What modifications can be done to an asset?

  • A small correction to frame data – minimal change
  • Emote additions – significant change
  • Internal name change – minimal change
  • SFX name change – minimal change

Three out of four of these changes are minimal changes. Thus, it would not make sense to consider them completely different assets. We can try to establish a hierarchy of assets, to see which asset succeeded the other, but that is no substitute for a diff. The data stored remains redundant.

Therefore, I can conclude Attorney Online assets cannot be accurately uniquely identified for management, and attempting to set up a database to manage them would take me nowhere.

I should then refocus my efforts to designing asset structure in Animated Chatroom.

Each asset would have a definition file (such as char.json), which would state the name of the character, its ancestors, and a reference to the sprite file. The format of the definition file would probably be JSON, while the sprite file would then be written in something like Spritelang.

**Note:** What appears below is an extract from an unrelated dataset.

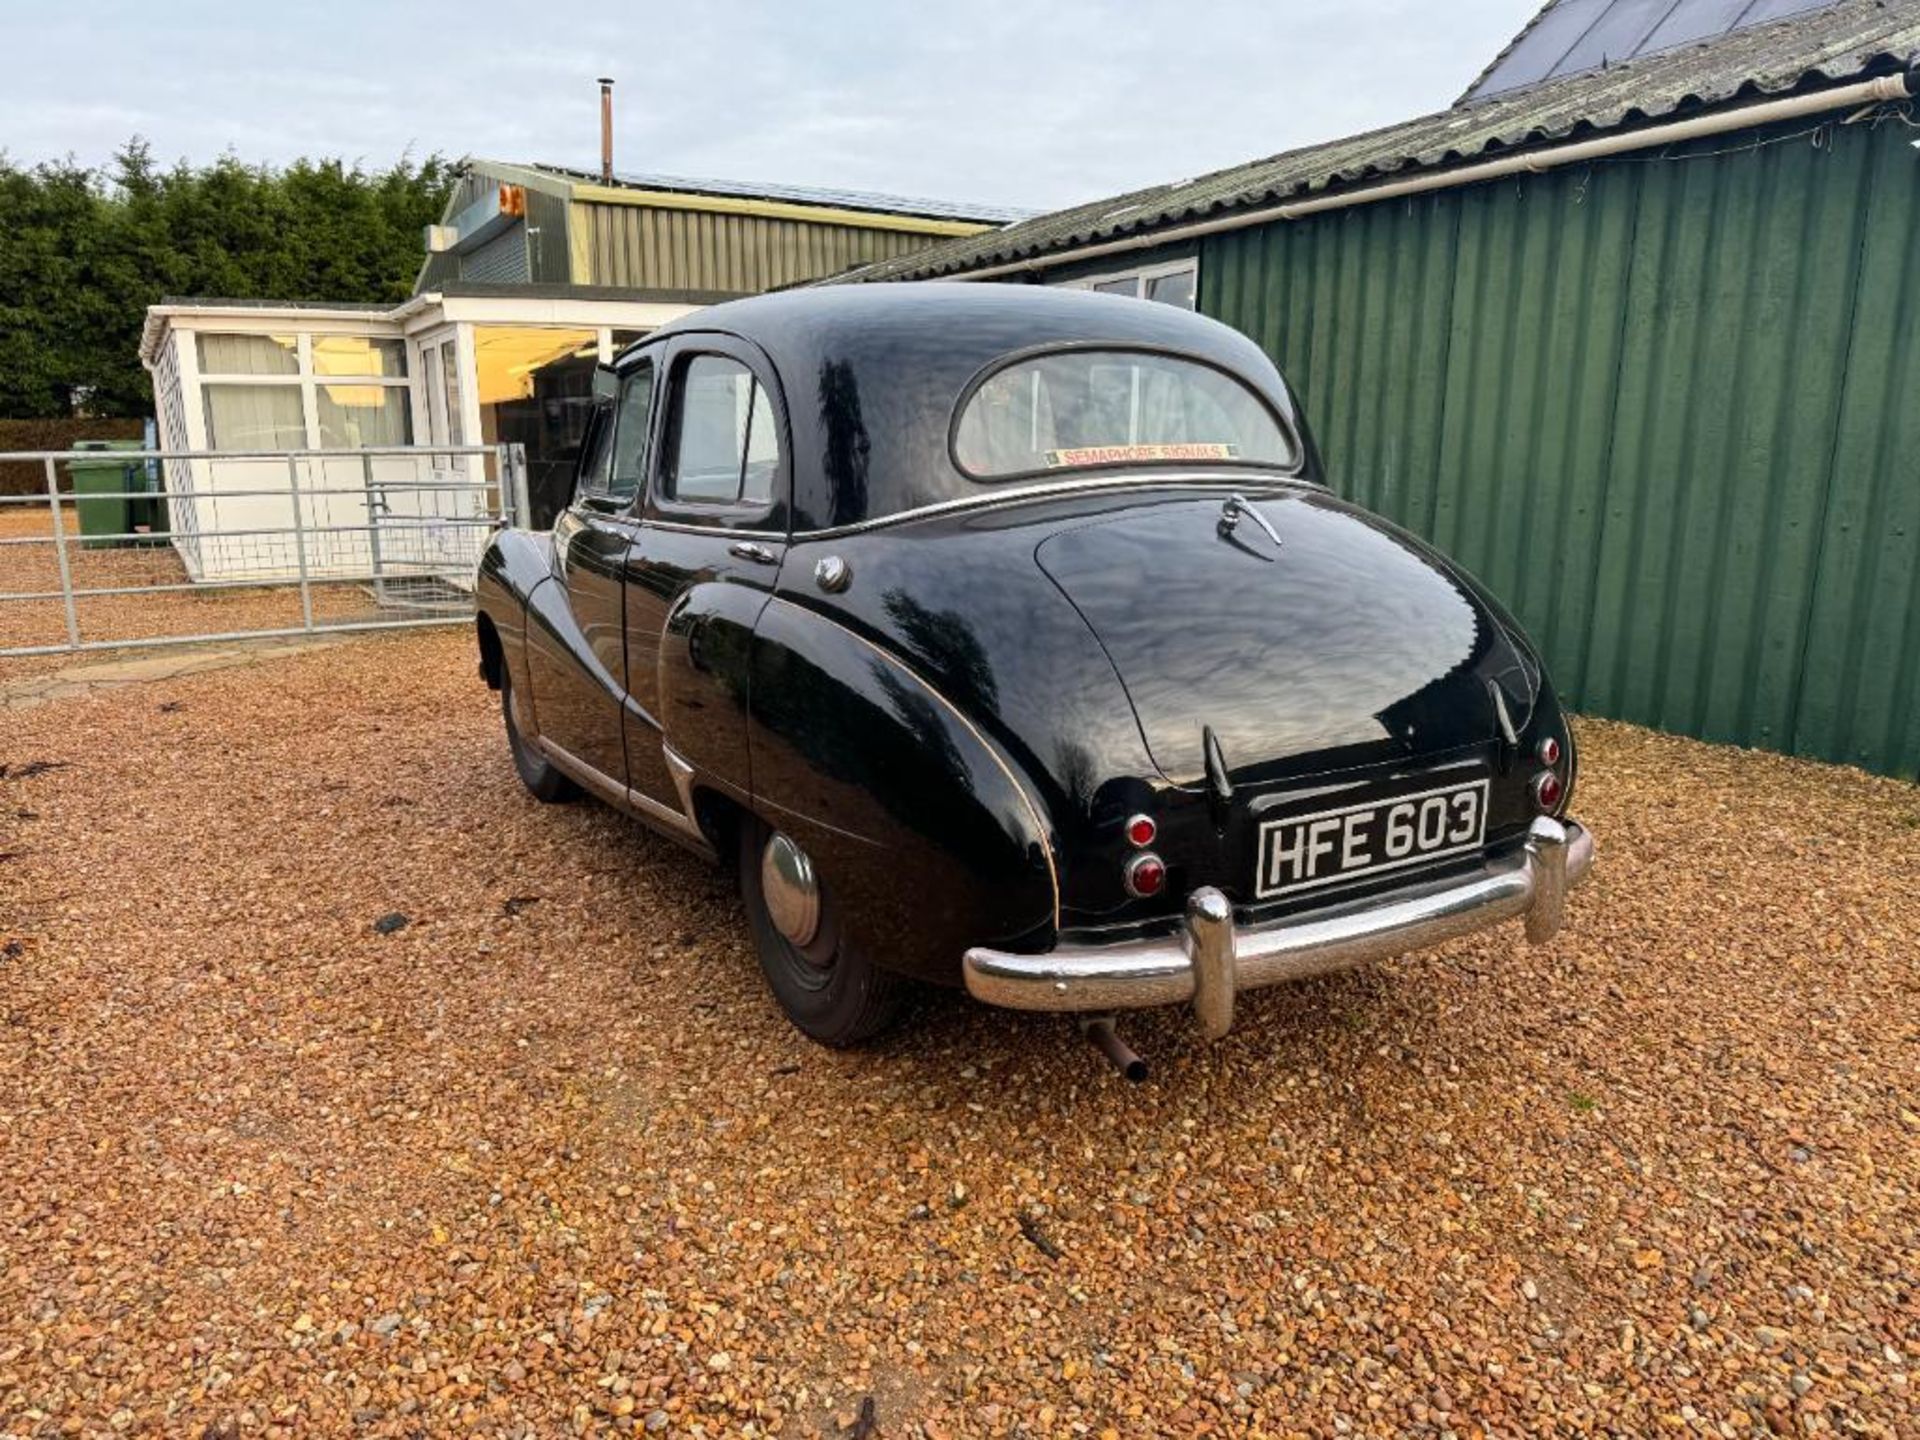 1954 Austin A40 Somerset black saloon car with 1200cc petrol engine, red leather interior and spare - Image 6 of 24

The asset is then bundled using tar and signed using GPG. This verifies the identity of the packager of the asset (for increased trust, the packager’s key can be cross-signed by a responsible admin, who in turned is cross-signed by the Animated Chatroom Root Key. All of these keys can be uploaded onto a general-purpose key server, like The signature of a package need not be specifically signed by the AC official root key; just a key that is cross-signed by someone on the keychain. The absence of a signature does not mean that the asset contains malicious content and therefore cannot be trusted; rather, the purpose of the signature is to assure that the contents of an asset have not been modified, and to seal the credits of an asset. After the tar has been signed, the tar can then be compressed in a desired format such as xz (which is basically 7-Zip but using a byte stream as opposed to an embedded archive). In this case, the unique identifier of the asset is the key ID of the GPG signature. This is the strongest possible hash: not only is the data factored in, but also the identity of the individual who authored the asset.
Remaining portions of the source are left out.